Двадцать колодников набито в маленькую каменную клетку
«Нижегородский я, государственный крестьянин. Здесь, в крепости, с самого начала работал на проволочной фабрике, проволоку волочил. Кто видал наш станок, так знает: проволока из дыры змеей вьется, знай подхватывай клещами да заправляй в другую дырку, поменьше. Наматывается проволока на барабан. Его водяное колесо крутит. Ну, бывают обрывы, тут не зевай — живо палец, а то нос обрежет. Беды много с ней бывало. Одному мастеровому дыханье перерезало, своей кровью захлебнулся. А мне вот ухо левое напрочь. После того страшно мне стало к станку подходить. Боюсь и боюсь. Попросился, чтоб отпустили домой. До самого генерала Геннина доходил. Все-таки отпустили. Попросил я такую бумагу, чтоб написано было, каким я способом уха лишился. И пошел в Нижегородскую губернию. Я ведь еще пимокат, везде работу найду. Так и шел. Струна с собой. Где у хозяйки овечья шерсть накоплена, там я и пимы катаю. Ладно. Бумага та мне шибко сгодилась: куда ни приду, видят уха нет, ночевать не пускают — спрашивают черный отпуск[7]. А это вот что…»
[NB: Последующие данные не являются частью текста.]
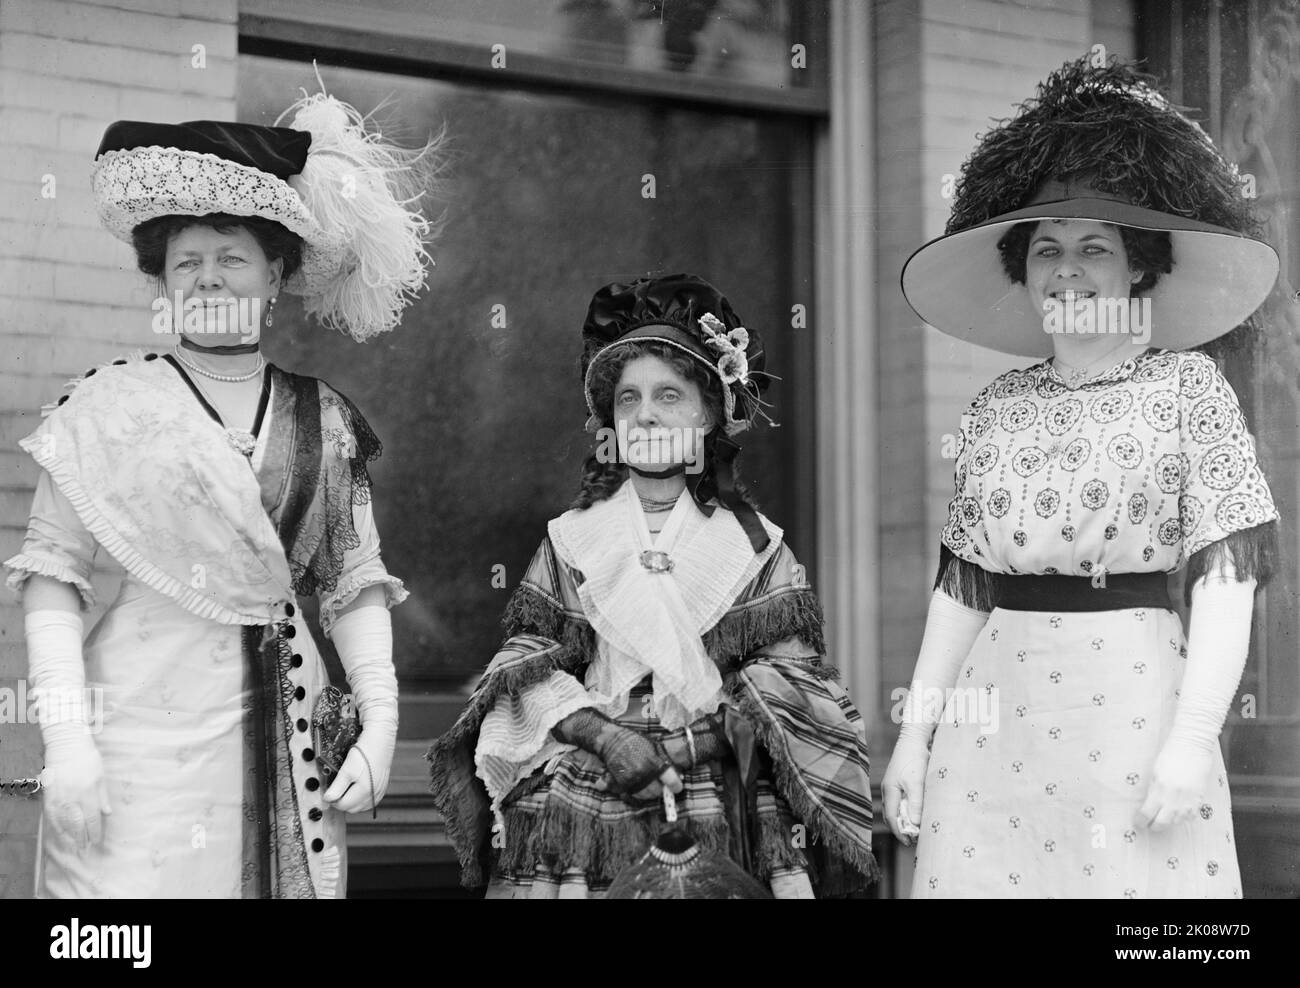 Dolly Madison Breakfast - Mrs. William F. Dennis; Mrs. Chase Riker; Mrs. Mann Barker, 1912. Society occasion, USA. Wives of influential men - the older woman is wearing late 19th century bonnet and dress while her companions wear wide-brimmed hats. Stock Photo

— Ладно, — перебил рассказчика Ивашка Солдат, — не учи ученого. Знаем без тебя, что за черный отпуск. Можешь дальше баять.
— Ну вот. Покажу я бумагу, приведут грамотного, — все и видят, что я не из тюрьмы. Так ладно все шло, да в одной деревне хозяйка добрая попалась. Постирала мне портки, а бумагу я забыл вынуть, и стало ничего на ней не видно. Я и такую показывал. Грамотных мало. Кругляшок на месте печати еще проглядывает — верили. А потом бумага совсем развалилась. Тут и началось: больше с колодниками ночую, чем по избам. Едва добрался до дому, чуть не каждый день хватают. Ну ничего, покажешь, как проволока по щеке прошла, на плече след выжгла, — подержат да выпустят. Бумагу новую просил в каждой тюрьме. Нет, не дают. Вот и сижу.
Кончил Дергач. Помолчали. Юла в своем углу завозился, сказал недовольно:
— Эк у тебя, дядя, терпенья сколько! Уж муку принимать, так было бы за что…
— А по мне, была бы совесть чиста, — тихо возразил Дергач. — Ежели чем обидел, простите.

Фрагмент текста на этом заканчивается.